I feel lucky that I also get to personally witness the amazing results that cattle can have on their environment.  When managed properly, they can completely restore previously overgrazed and damaged pasture-land to a diverse and healthy ecosystem.  By simply doing what they were born to do—eating grass and depositing their urine and manure in one area and then moving on to the next—they’re fertilizing the fields, establishing legumes, ridding the pasture of noxious weeds, and encouraging new growth and biodiversity.  It’s an amazing process and a beautiful cycle, and to see these creatures so easily and naturally heal the land is both inspiring and humbling at the same time.

This entire process is what allows me to be connected to my food.  This is knowing exactly how my food was born, raised, lived, and died.  This is being able to personally thank another creature for sustaining me.

So, if the person at the barbecue with the hot dog is still listening at this point (which is highly unlikely), their usual response is, “Wow, that’s really interesting… ” and then they’ll go back for another frank.  And to be fair, I’d be right there with them, skipping the hotdog but still snacking on potato salad and chips.  Because even though I’m aware of (or at least becoming more aware of) the complexities of our food system, I also know how difficult it can be to escape it… plus, I’m a sucker for a good potato chip.
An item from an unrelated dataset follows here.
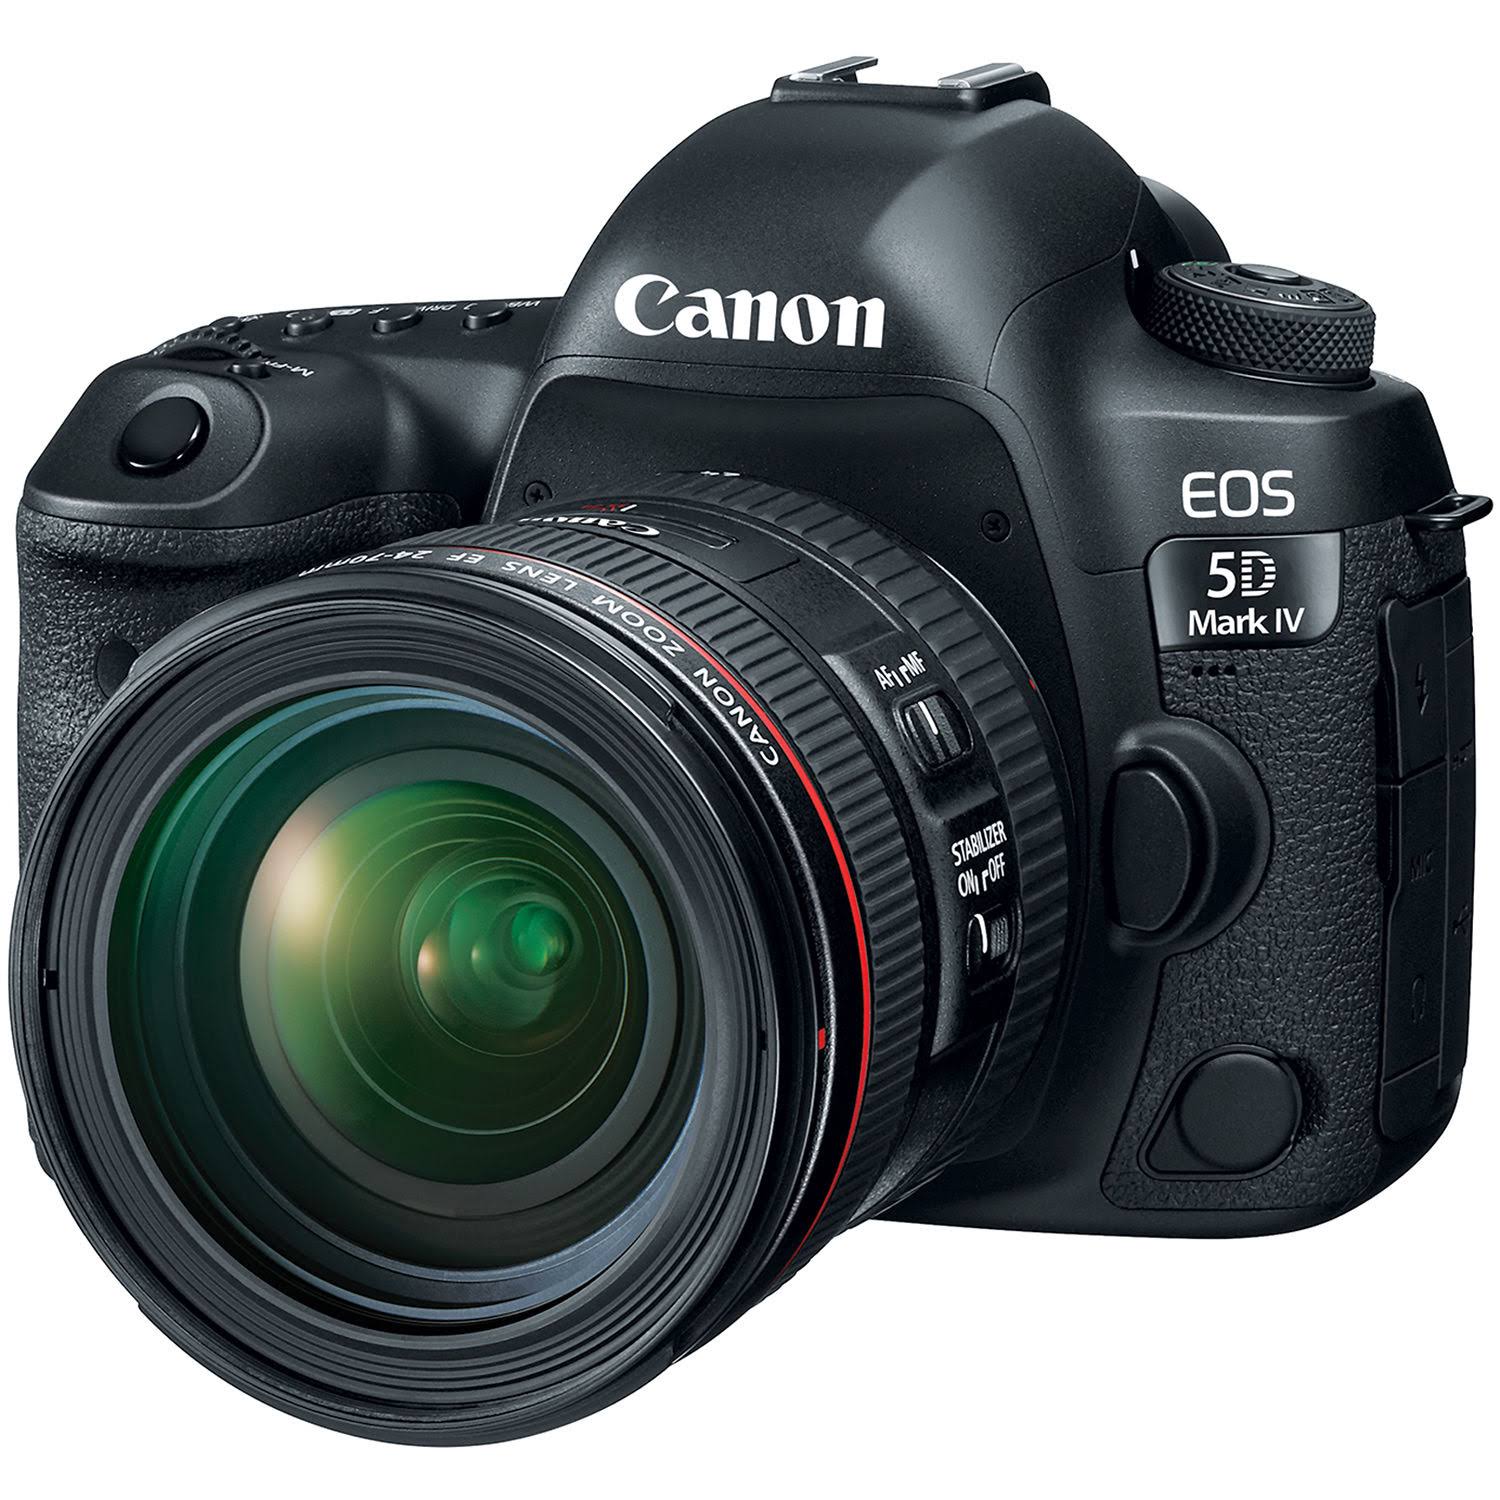 Canon Digitale Spiegelreflexkamera EOS 5D Mark IV mit EF 24-70 mm 1: 4L IS USM-Objektivsatz

Clearly, I still have a long way to go when it comes to food independence and knowledgeability, but I am starting to venture down that path.  And if I hadn’t read Foer’s book on factory farming I wouldn’t have started questioning the industrialized food system at all, I never would have learned to garden, and I doubt that I would have ever partaken in the homesteading lifestyle.  So while being a vegetarian for all those years wasn’t the solution to my food-based ignorance, it was certainly a beginning—it allowed me to start learning what I should eat in order to nourish my body (or in my case, what I was eating that was damaging my body), what institutions I was supporting by doing so, and how I could challenge myself to keep learning and to do better.  Now, instead of being a vegetarian who still blindly supports a very complex and manipulative industrialized food system (which is not the only way to be vegetarian, but I’ve met few who have done it differently), I would rather kill a cow.  I would rather kill just one cow a year who has spent its entire life grazing on grass in a way that is beneficial to its environment, who will literally feed my family hundreds of meals, who I was able to personally thank for sustaining me.  And as difficult as it is to say goodbye to that creature, this is a moral option I can cope with.